The egocentric-allocentric transformation results in a single viewpoint-independent
representation of each location in an environment. The allocentric representation consists of
a distributed pattern of activation across the boundary vector cell layer. To encode this
pattern as a distinct place memory, and to permit subsequent cued recall, this pattern can be
learned by an auto-associative memory system.

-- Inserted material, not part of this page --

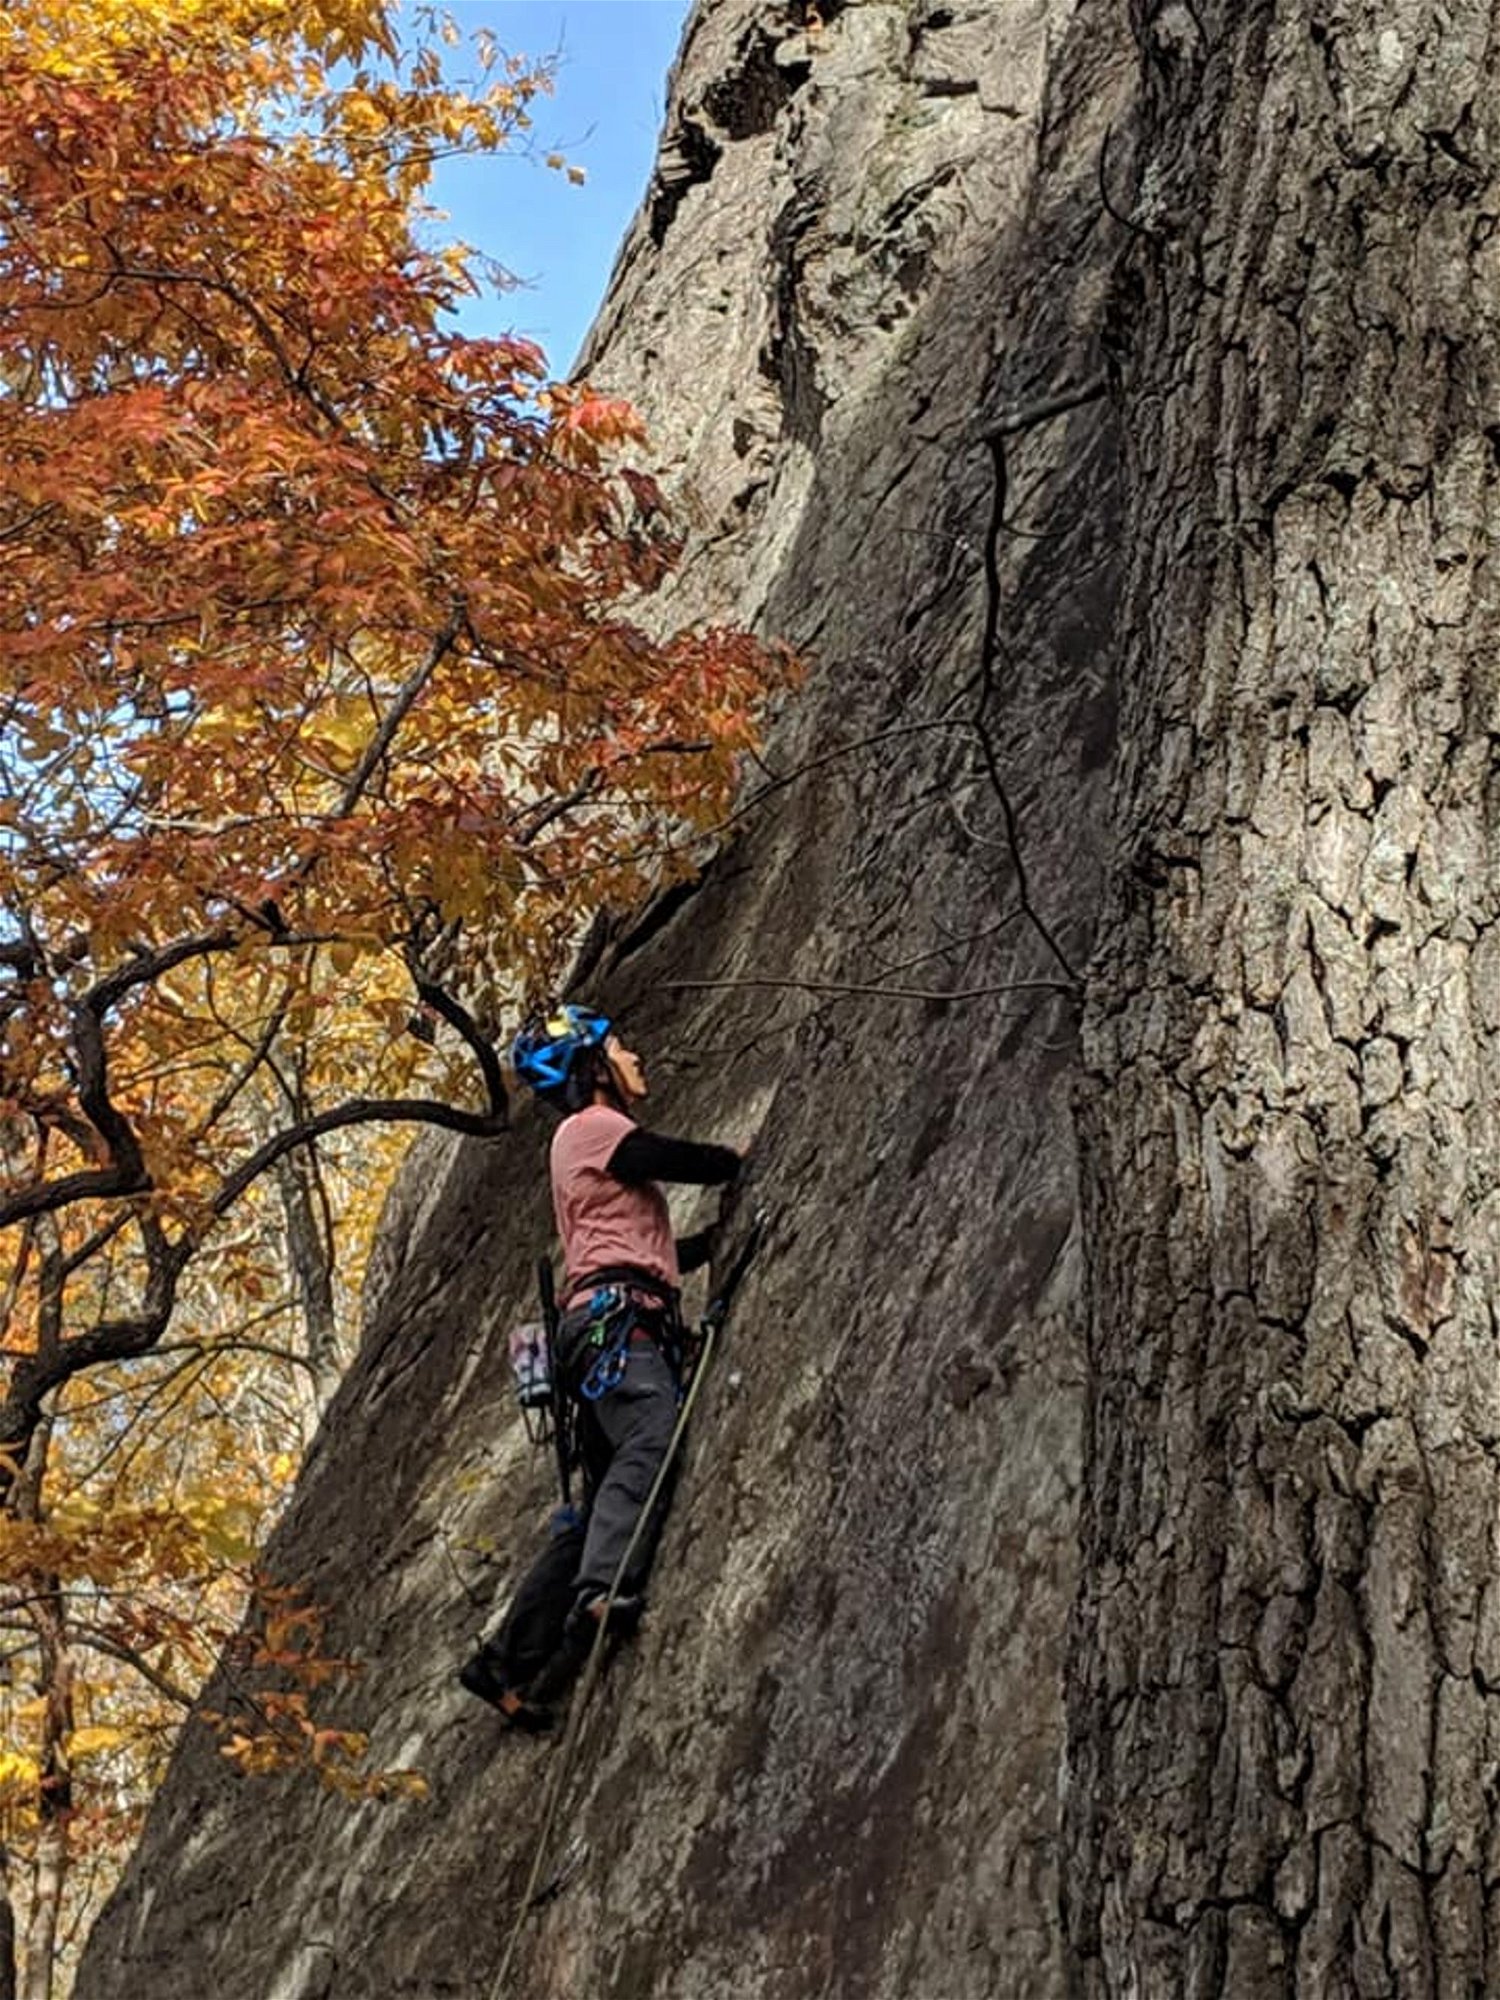 Rock climbing in the Red River Gorge, Kentucky

A retrieval cue, such as incomplete
egocentric sensory or mentally generated spatial information, can then feed forward through
the transformation circuit and reactivate the correct allocentric representation of the model’s
real or imagined surroundings. Conversely, the place memory can generate a viewpoint-
specific mental image if we assume that the connections in the transformation circuit operate
with equal weights in both directions. The recalled allocentric representation can thereby be
converted back into egocentric mental imagery of the environment via the same neural
circuitry.
Model dynamics
Neurons in our model are rate-coded (i.e. their activations represent average neural firing
rates rather than individual spikes) and exhibit a continuous dynamics governed by “leaky-
integrator” equations. The complete mathematical details of the model, along with these
dynamical equations, can be found in the appendix. Here we present a more intuitive
description of the model’s overall behaviour. For now, the issue of biologically realistic
learning is ignored and it is assumed that the model has already learned about the spatial
environments it encounters. The actual
ad hoc
training procedure used to set the model
weights for this work will also be described briefly in a later section, with full details
presented in the appendix. In a later section, we also discuss general principles that might
underlie the learning of egocentric-allocentric transformations in biological systems.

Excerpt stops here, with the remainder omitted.